In 2014, Clifford Asness wrote a commentary, “My Top 10 Peeves,” for the Financial Analysts Journal. While indicating that there were many more “things said or done in our industry or said about our industry that have bugged me for years,” he culled the list to a relative few.
The three characteristics he thought they had in common:
(1) They are about investing or finance in general, (2) I believe they are commonly held and often repeated beliefs, and (3) I think they are wrong or misleading and they hurt investors.
Eight years on, it’s worth revisiting the peeves. The original subtitles that introduced each one appear in italics below, along with explanations and updates. In addition, there are thoughts at the end about what you might glean from a more thorough review of the piece.
The peeves
“Volatility” Is for Misguided Geeks; Risk Is Really the Chance of a “Permanent Loss of Capital”
What is “risk”? Is it volatility or the permanent loss of capital (or something else)? As Asness wrote of the advocates on one side, “Viewed in their framework, they are right” — and, regarding the other side, “they too are right!”
At bottom, “What we have here is a failure to communicate.” The quant and the non-quant are from different tribes, but, “I still think this argument is mostly a case of smart people talking in different languages and not disagreeing as much as it sometimes seems.”
The battle rages on today, although it’s more of a skirmish, since risk-as-volatility is the foundation of communication among institutional investors.
Bubbles, Bubbles, Everywhere, but Not All Pop or Sink
Asness thought that the word “bubble” was overused and dumbed down. His perspective:
Whether a particular instance is a bubble will never be objective; we will always have disagreement ex ante and even ex post. But to have content, the term bubble should indicate a price that no reasonable future outcome can justify.
If you think back a year, give or take, which (if any of these) featured prices that no reasonable outcome could justify: meme stocks, bitcoin, NFTs, Tesla, the technology sector, or venture capital? There will always be debates about how much hype or value exists in a potential investment; calling something a “bubble” for effect usually doesn’t advance a discussion.
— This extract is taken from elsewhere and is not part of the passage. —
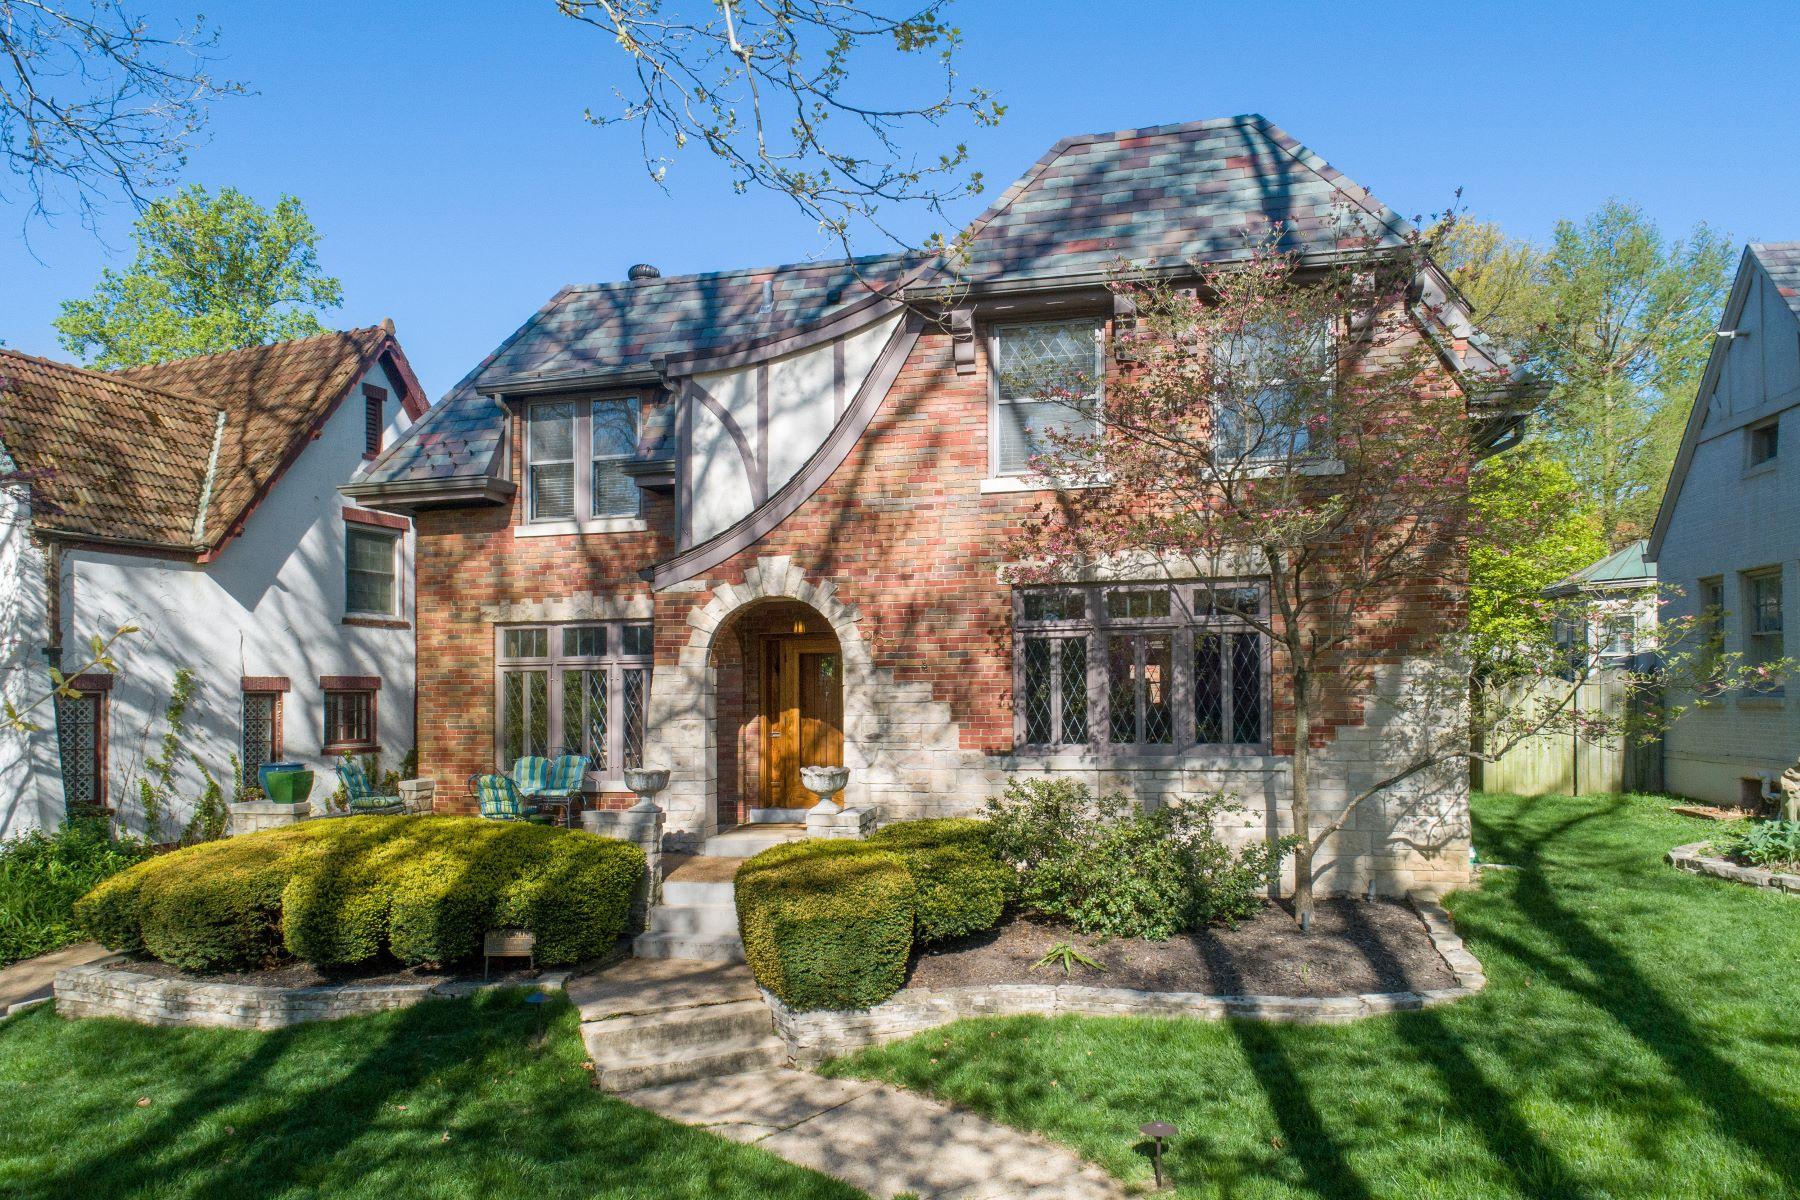 Additional photo for property listing at Charming University City Home! 567 Stratford Avenue University City, Missouri 63130 United States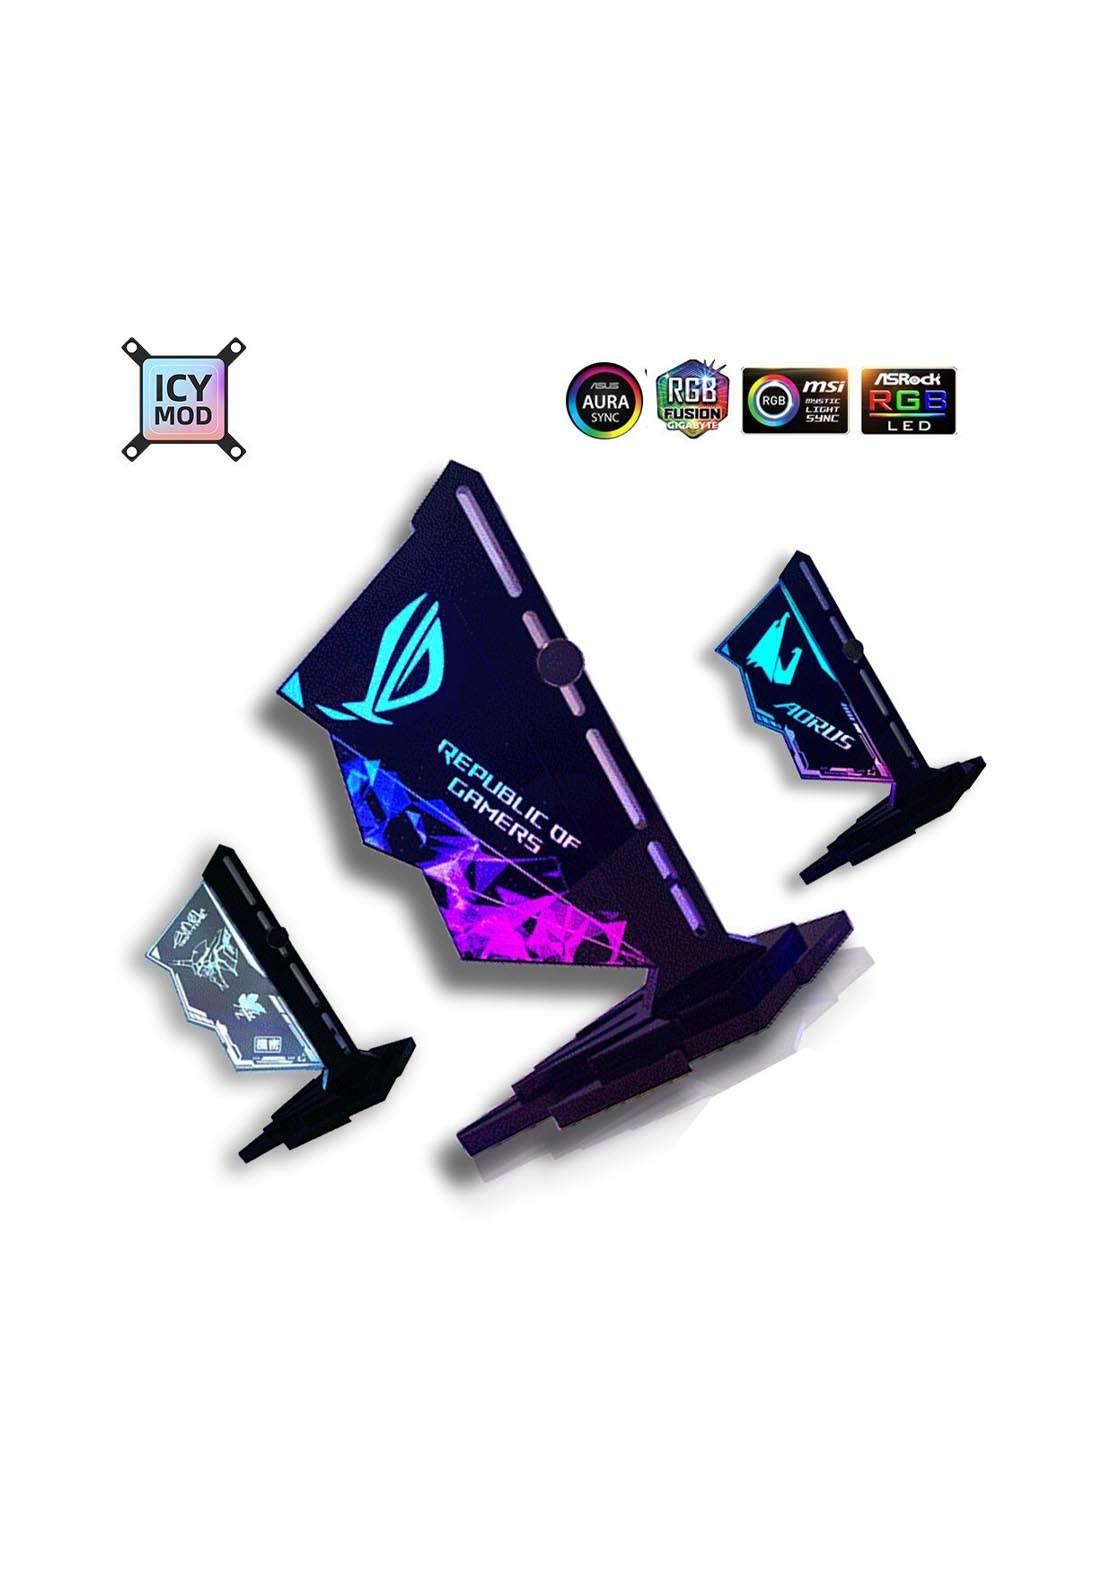 Bracket Vertical Acrylic VGA Holder RGB GPU Video Card Support 12V 4Pin - Black

Had We But World Enough, and Time, Using Three- to Five-Year Evaluation Periods Would Still Be a Crime
The third peeve addresses what may be the single most damaging investment practice extant:
Nobody, including me in this essay, wants to deal with the very big problem that we often do not have enough applicable data for the investing decisions we make. We evaluate strategies, asset classes, managers, and potential risk events using histories the statisticians tell us are too short or too picked over.
Often decision makers ignore the limitations and rationalize their selection choices, thinking, “We have to make decisions, and even if historical data are inadequate, you have nothing better to offer, so we’ll use what we have.”
The odd thing, according to Asness (and others): “Not only are insufficient data often driving our decisions, but the data we have are often used with the wrong sign. I refer to the three- to five-year periods most common in making asset class, strategy, and manager selection decisions.” Despite the fact that “you don’t want to be a momentum investor at a value time horizon,” that decision window remains the industry standard and is often codified in investment policy statements and manager selection procedures — an outstanding example of a practice that lingers despite evidence against it.
Whodunit?
This section covers the finger-pointing that followed the financial crisis. The peeve here is that “the typical narratives and debates conflate two events. We had (1) a real estate/credit bubble in prices that, upon bursting, precipitated (2) a massive financial crisis.” (Asness noted parenthetically that he was using the word “bubble” despite his comments about it in the second peeve.)
With the passage of time, the once-hot debate about who was to blame has cooled down, but “we haven’t a prayer of really understanding what happened and making serious headway on reducing the risk of it happening again” given the state of the discourse then (and even now).
I Would Politely Request People Stop Saying These Things
Asness picked three popular market bromides to attack. For starters, “It’s a stock picker’s market.” What does that mean, exactly? You might ask the next time someone tosses out that phrase.
“Arbitrage” has gone from something specific to “a trade we kind of like.” As with many other common sayings, “it is clear that many use it in the loosest sense and, therefore, strip it of its meaning.”
As for the last of the three cited:
Every time someone says, “There is a lot of cash on the sidelines,” a tiny part of my soul dies. There are no sidelines.
It’s mostly a shorthand way for someone to talk about market sentiment. In the long term, net issuance can affect supply, but that’s not the way the phrase is used. And, if you’re looking specifically at one part of the ecosystem, “there can be a sideline for any subset of investors, but someone else has to be doing the opposite. Add us all up and there are no sidelines.”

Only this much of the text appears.